Übersicht


Originalsprache : Englisch
Umfang : ca. 185 Seiten
 
Thema : Uhrmacher, Erinnerung, Familie, Armut
Ort : Maine
 
Verlag : btb Verlag, Luchterhand Literaturverlag
 


Kurzbeschreibung


»Tinkers« ist ein Roman von Paul Harding. 2009 wurde das literarische Werk zuerst veröffentlicht.


Der Kesselflicker
George Washington Crosby stirbt. Die Familie hat sich in seinem Haus versammelt um ihn auf seiner letzten Reise zu begleiten. Immer wieder sitzt jemand anderes an seinem Sterbebett.

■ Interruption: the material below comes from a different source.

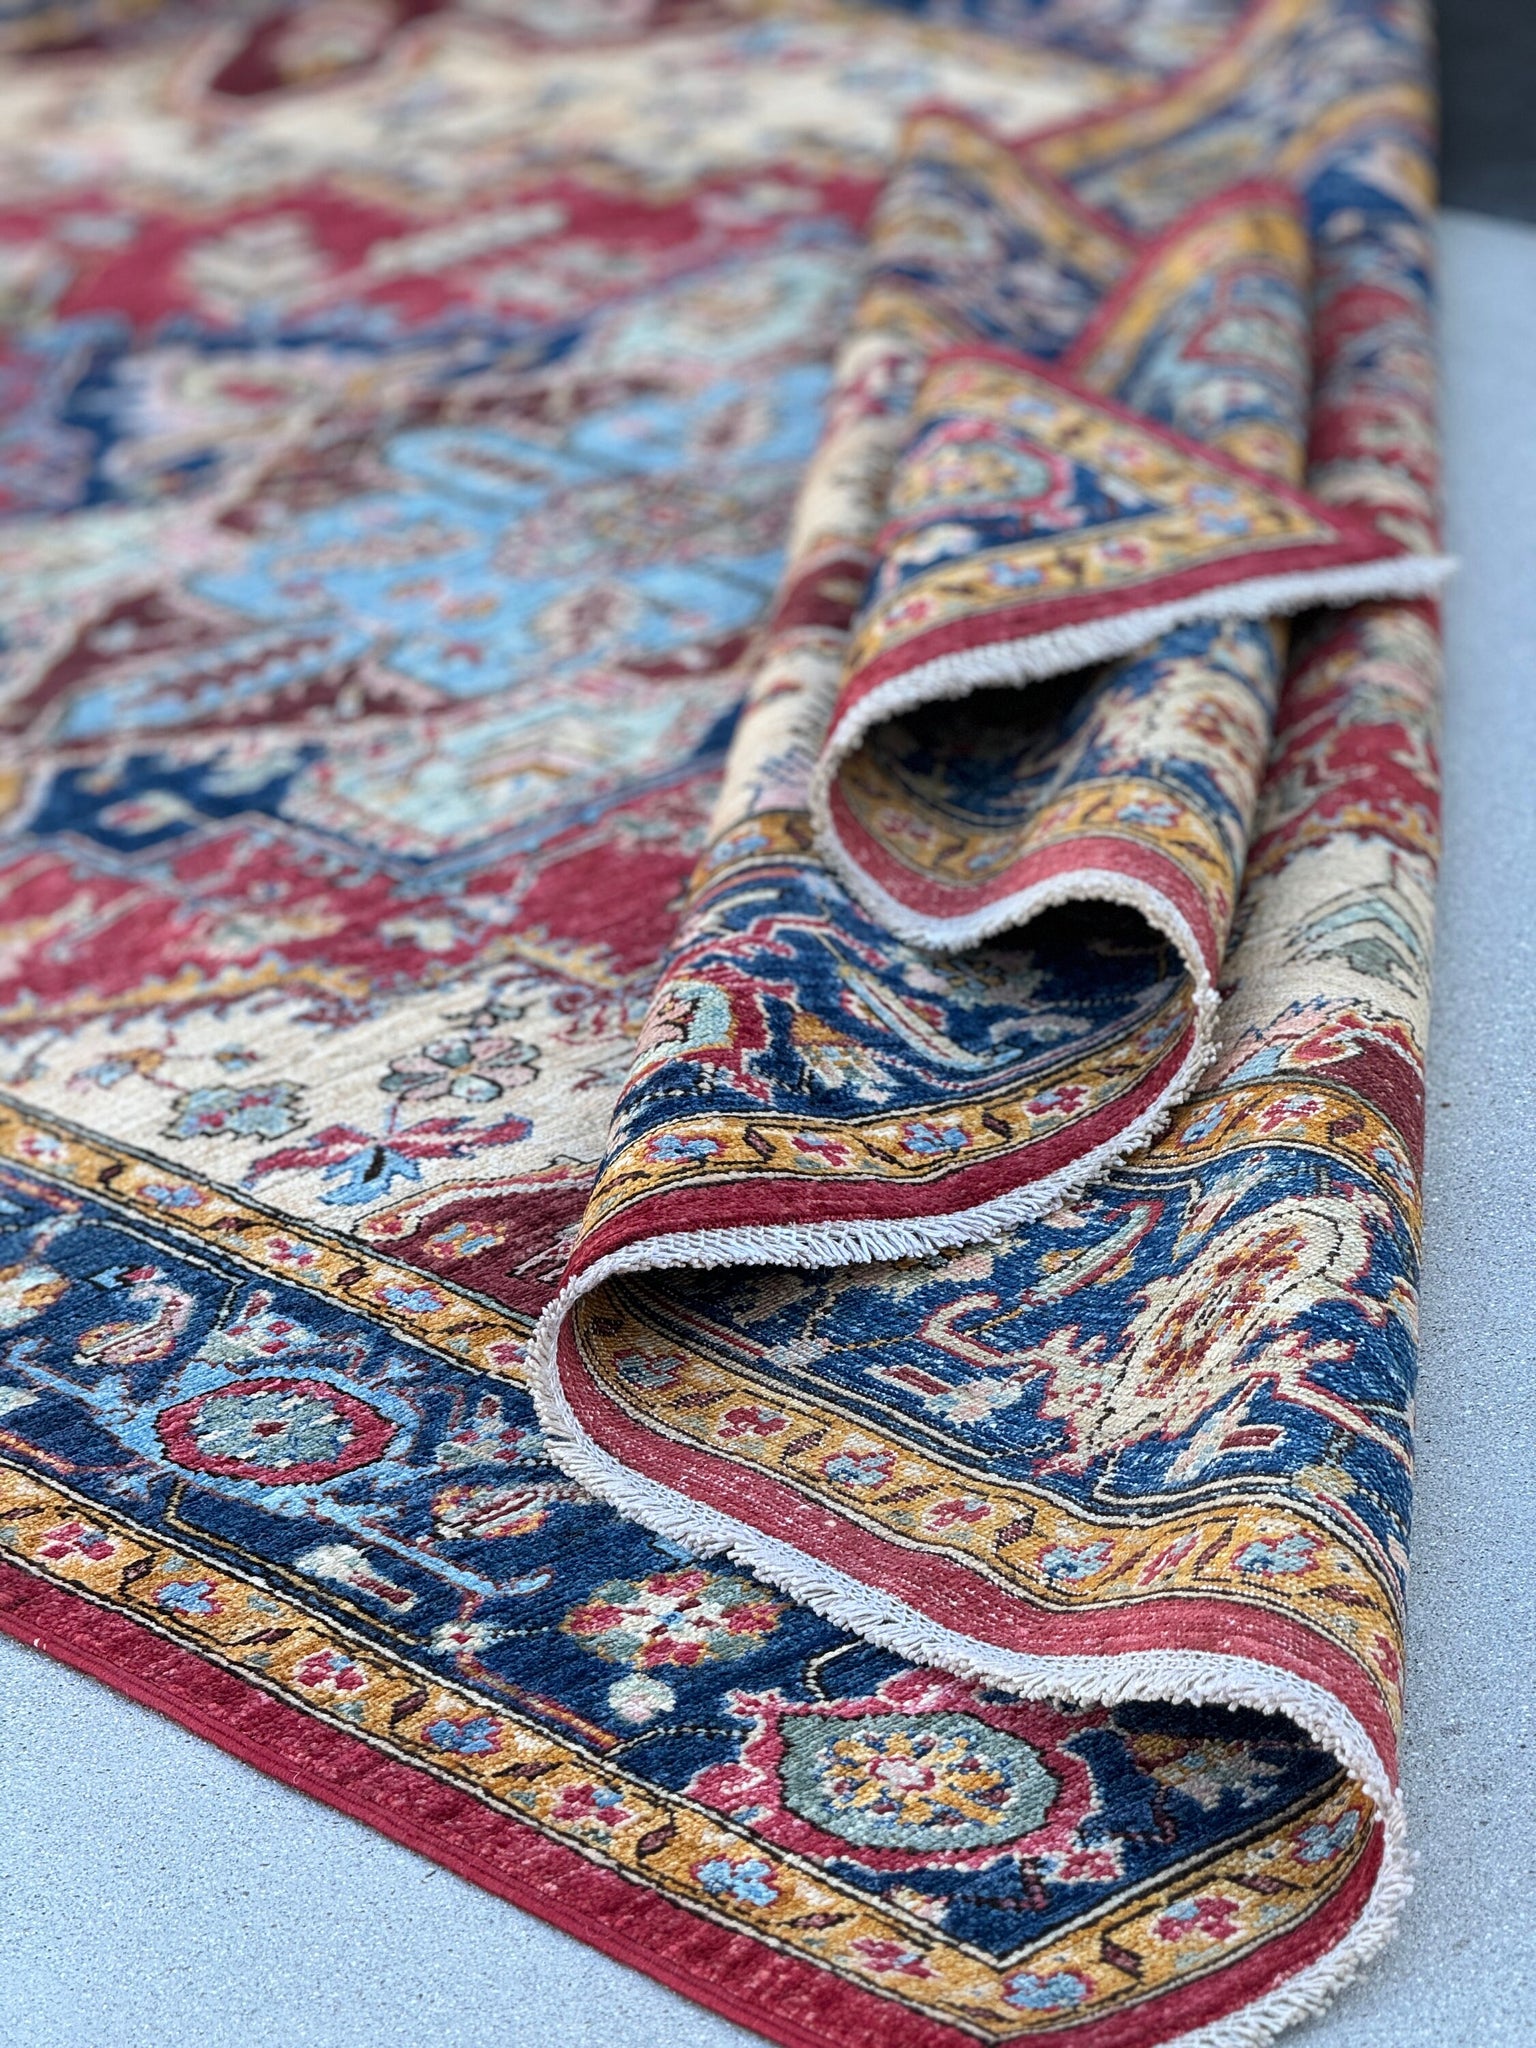 6x9 (180x274) Hand Knotted Afghan Rug | Cherry Red Sapphire Sky Navy Blue Beige Gold Cream Olive Green Rose Pink Mustard Yellow | Wool Heriz

Ob Ehefrau, Kinder oder Enkel, jeder versucht ihm näher zu kommen, mit ihm zusprechen. Doch George, der Uhrmacher war, kann sich nicht mehr äußern. Einzig seine Gedanken treiben ihn durch Episoden aus seinem Leben, lassen ihn vorgelesenes reflektieren, bringen ihn dazu, Dinge die noch zu erledigen wären, regeln zu wollen. Aber das kann er nicht mehr. Die letzten Tage seines Lebens gehen dahin und mit ihnen die Erinnerung an längst vergangenes und an seinen Vater Howard.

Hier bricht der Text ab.